Python library for AB test analysis.
Spotify Confidence provides convenience wrappers around statsmodel's various functions for computing p-values and confidence intervalls. With Spotify Confidence it's easy to compute several p-values and confidence bounds in one go, e.g. one for each country or for each date. Each function comes in two versions:
- one that return a pandas dataframe,
- one that returns a Chartify chart.
Spotify Confidence has support calculating p-values and confidence intervals using Z-statistics, Student's T-statistics (or more exactly Welch's T-test), as well as Chi-squared statistics. It also supports a variance reduction technique based on using pre-exposure data to fit a linear model.
There is also a Bayesian alternative in the BetaBinomial class.
import spotify_confidence as confidence
import pandas as pd
data = pd.DataFrame(
{'variation_name': ['treatment1', 'control', 'treatment2', 'treatment3'],
'success': [50, 40, 10, 20],
'total': [100, 100, 50, 60]
}
)
test = confidence.ZTest(
data,
numerator_column='success',
numerator_sum_squares_column=None,
denominator_column='total',
categorical_group_columns='variation_name',
correction_method='bonferroni')
test.summary()
test.difference(level_1='control', level_2='treatment1')
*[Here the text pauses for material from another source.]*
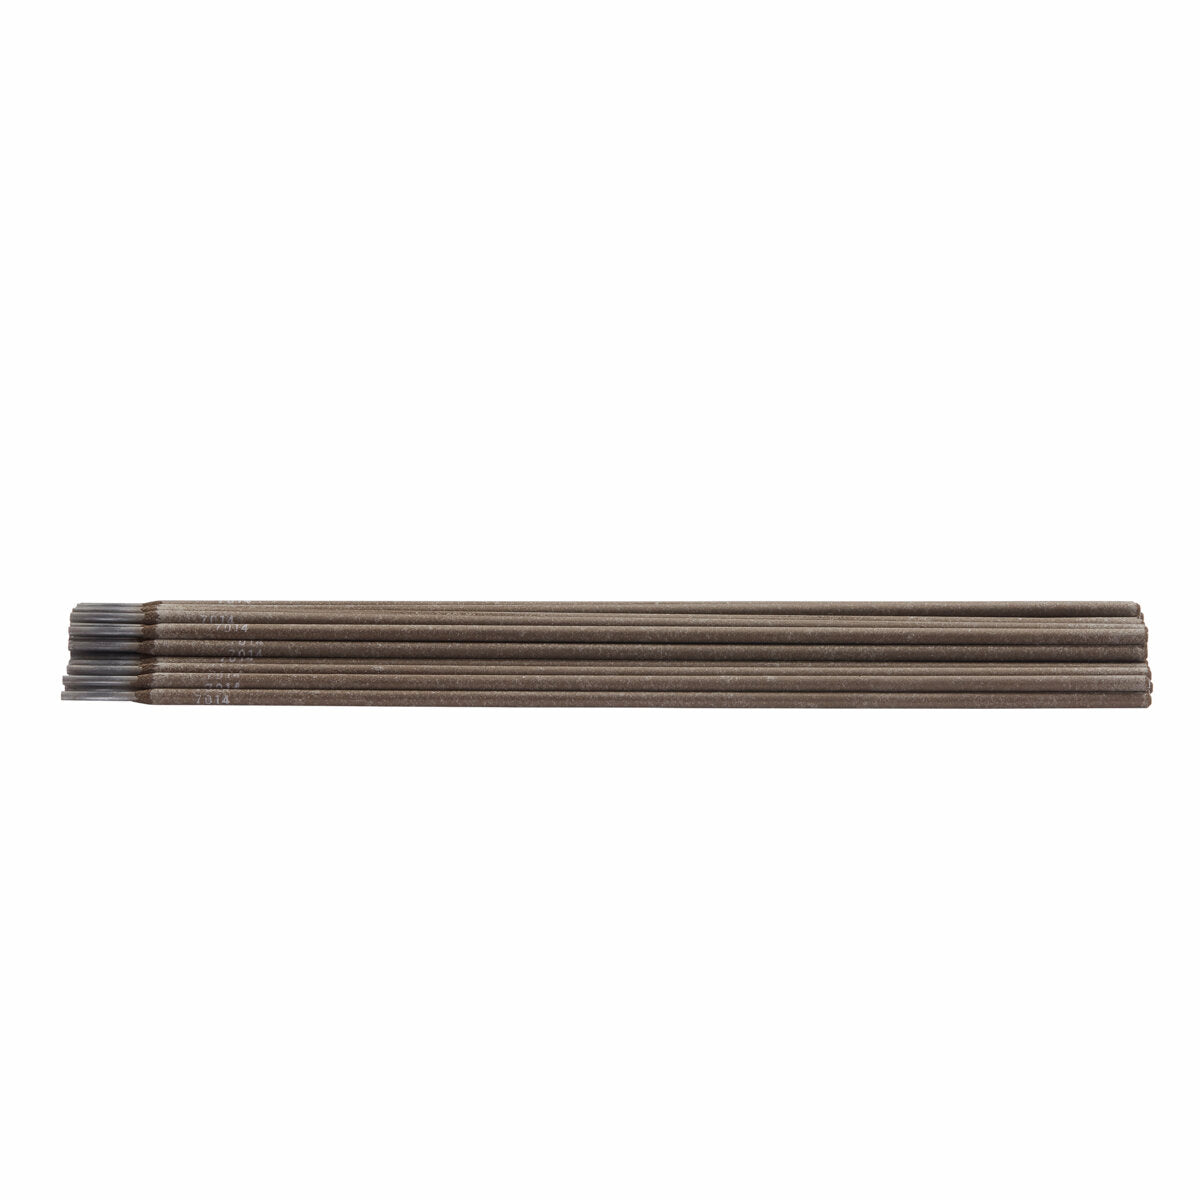 Lincoln Electric - Murex® 7014 Stick (SMAW) Electrode, 1/8x14 in, 50 lb Carton - EDM13181414

test.multiple_difference(level='control', level_as_reference=True)
test.summary_plot().show()
test.difference_plot(level_1='control', level_2='treatment1').show()
test.multiple_difference_plot(level='control', level_as_reference=True).show()
There's a lot more you can do:
- Segment results by one or more dimensions
- Use non-inferiority margins
- Group sequential tests
- Sample size and power calculations
- etc
See jupyter notebooks in examples
folder for more complete examples.
Spotify Confidence can be installed via pip:
pip install spotify-confidence
Find the latest release version here
This project adheres to the Open Code of Conduct By participating, you are expected to honor this code.